The USSB was effectively abolished on 02/03/1934 by executive order 6166 dated 10/06/1933 and this board was superceded by 6 other boards (various titles) and today is Maritime Administration of D of T. Try A web search.
Mark H. Goldberg has written "The Hog Islanders", "The Shipping Board's Agency Ships" and "The Stately President Liners (part 1-The 502s--650 or so pages. Part 2 on the 535s is to follow.)" for the American Merchant Marine Museum.
One piece of trivia which can be verified on the APL site.
The ships of the 502 and 535 classes were named in accordance with their length.
For some strange reason, which would make sense only to a government beaurocrat, the 502s were named for their length between perpendiculars, but the 535s for their length overall.
The two classes were did not have a 33' difference in length as most thought, but a difference of only 12'-16', depending on whether they were measured overall or between perpendiculars.
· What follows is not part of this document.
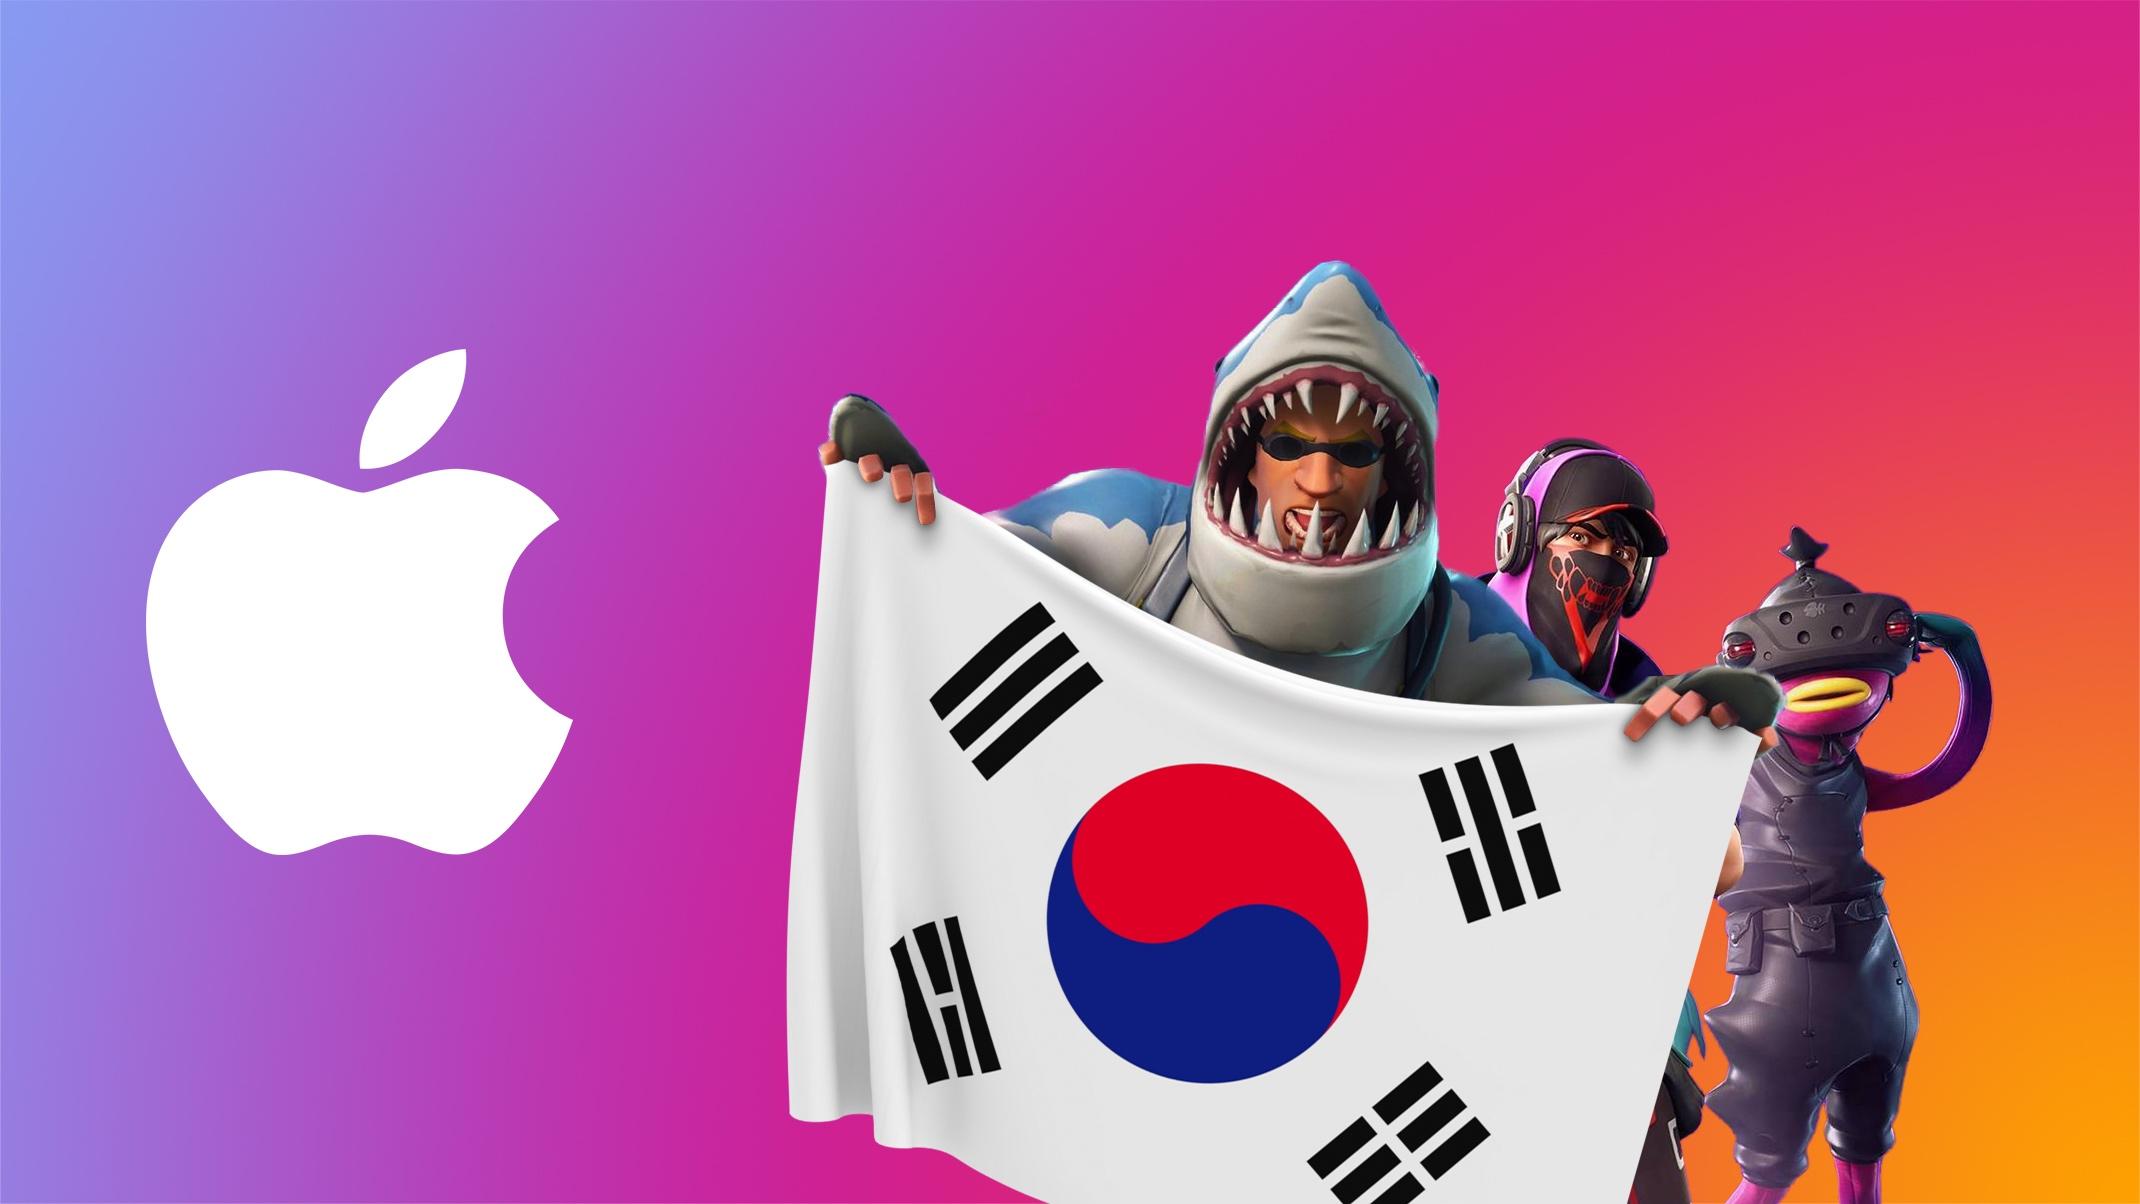 fortnite-apple-logo-south-korea-feature-1.jpg

Also, many of the various lines that operated these ships used displacement tonnage, rather than gross tonnage, in their advertising, giving the impression that these liners were much larger than they really were.
Many thanks to you all for the info, it will give me a couple of angles to go on.
It gets a bit frustrating at times when you have a picture of a ship that "disapears" at some stage and it takes time to find a clue of what happen to them.
Thanks to this site i have already solved a couple of problems
I thought I'd add the poster--the fiercest damned eagle I've ever seen.
I've always been interested in these ships and I do have Mark Goldbergs's books--if there is information on a particular ship or incident, there's a slight chance I may be able to help.